# FCC to clarify digital must-carry rules



## John Corn (Mar 21, 2002)

The Federal Communications Commission soon will release its second report on how digital television should be carried on cable, FCC Chairman Michael Powell told Rep. Ed Markey (D-Mass.) in a letter sent last Friday.

'Among other matters, the Order I plan to present to the Commission will address issues related to the carriage of both analog and digital television broadcast signals during the transition, and the carriage rights of multiple digital programming streams delivered over a single 6 Megahertz channel,' Powell wrote.

Powell was quick to oblige Markey, issuing a rule on August 8 that all new TV sets with screens larger than 36 inches must have digital TV tuners by July 1, 2004.

All new TVs with screens larger than 13 inches, VCRs, and DVDs also will be required to have tuners by July 1, 2007.

http://www.tvinsite.com/broadcastingcable/index.asp?layout=story&doc_id=98458&display=breakingNews


----------



## dishrich (Apr 23, 2002)

Uh, why would a DVD need a tuner???:shrug: :shrug: :shrug: :lol: :lol: :lol:


----------



## Geronimo (Mar 23, 2002)

Many DVDs have one. Mine does.


----------



## Nick (Apr 23, 2002)

That still doesn't answer the question. Why *would* a DVD player need a tuner?


----------



## Mark Holtz (Mar 23, 2002)

Again, HUH? Unless it is also a VCR, it has no need for a timer, and can be considered the same as a Playstation 2 or Gamecube.


----------



## Jacob S (Apr 14, 2002)

A tv that has a vcr or dvd player built in is what is meant, right? What tv that is smaller than 13 inches would have a vcr or dvd player built in anyways?


----------



## dlsnyder (Apr 24, 2002)

I think they mean DVD recorders here. The order also applies to TV tuner cards for PCs and any computer monitors that have built-in TV tuners. What I want to know is what will happen to those handheld 2 or 3 inch LCD TVs? Will they just go away since the digital standard at present doesn't support them?


----------



## Geronimo (Mar 23, 2002)

Several have them now. It is imply a convenience for those who use the DVD player to control everything. No one is being forced to use that tuner but it is often there. Admittedly it will increase cost.
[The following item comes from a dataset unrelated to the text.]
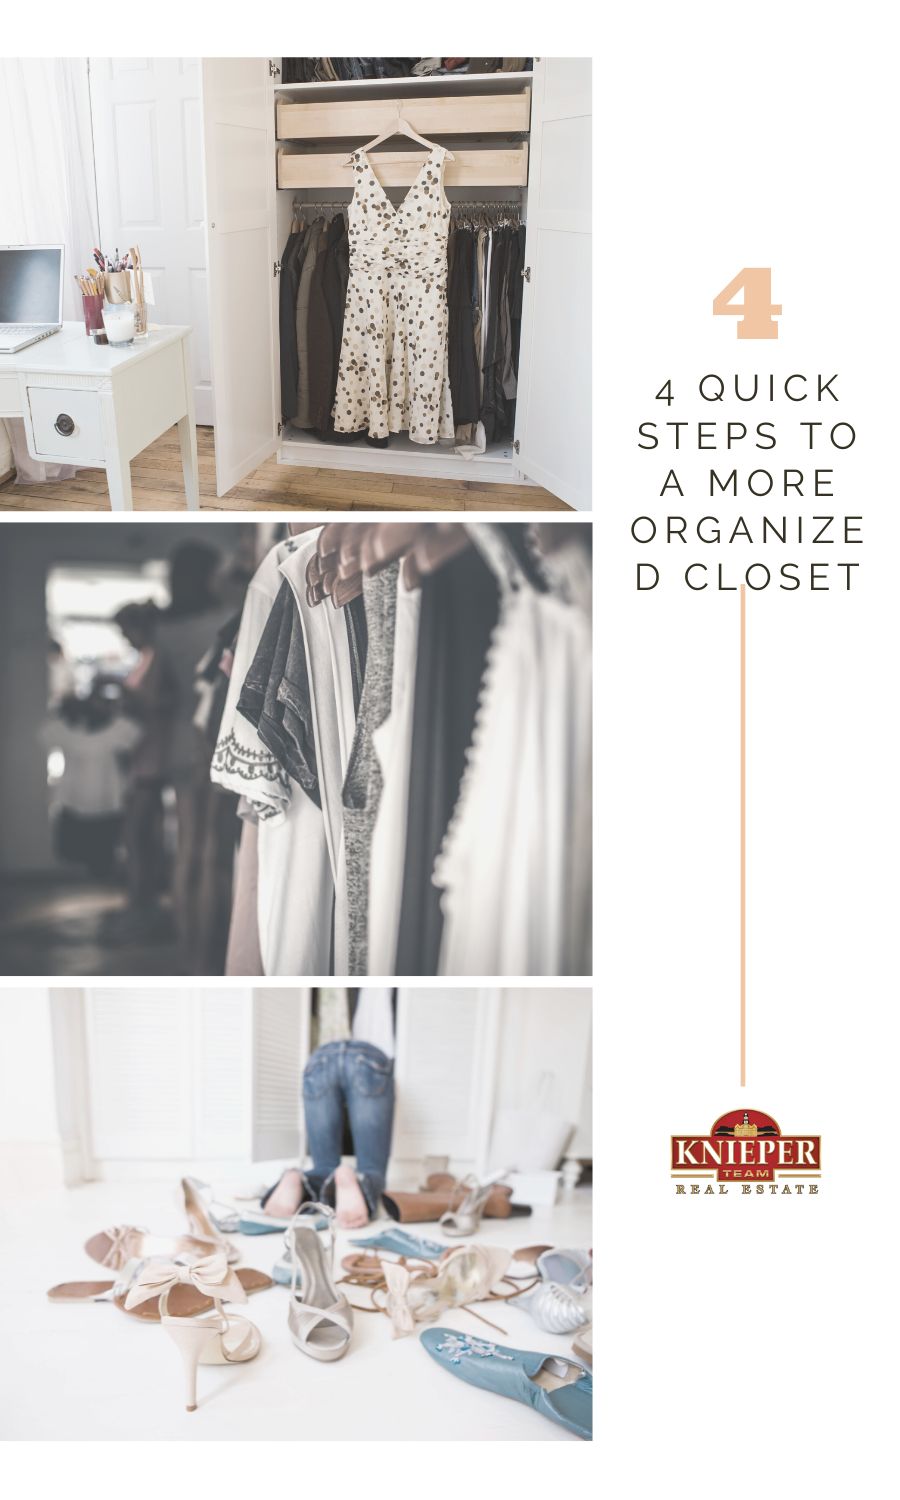 4 Quick Steps to a More Organized Closet

This might be a good argument AGINST including them.


----------



## Scott Greczkowski (Mar 21, 2002)

DVD Recorders however is another story.


----------



## catman (Jun 27, 2002)

Good point . What about those out in the woods ? So that means no sports ? ah aou some ones going to get it .


----------



## Jacob S (Apr 14, 2002)

Will these have the analog tuners as well or just digital tuners? How are we going to make things compatible with each other so that one thing will play on another standard of technology? Are we going to have convertor boxes to solve the solution of this?

Also can they make vcr tapes be able to record such high quality as HDTV and DTV ?


----------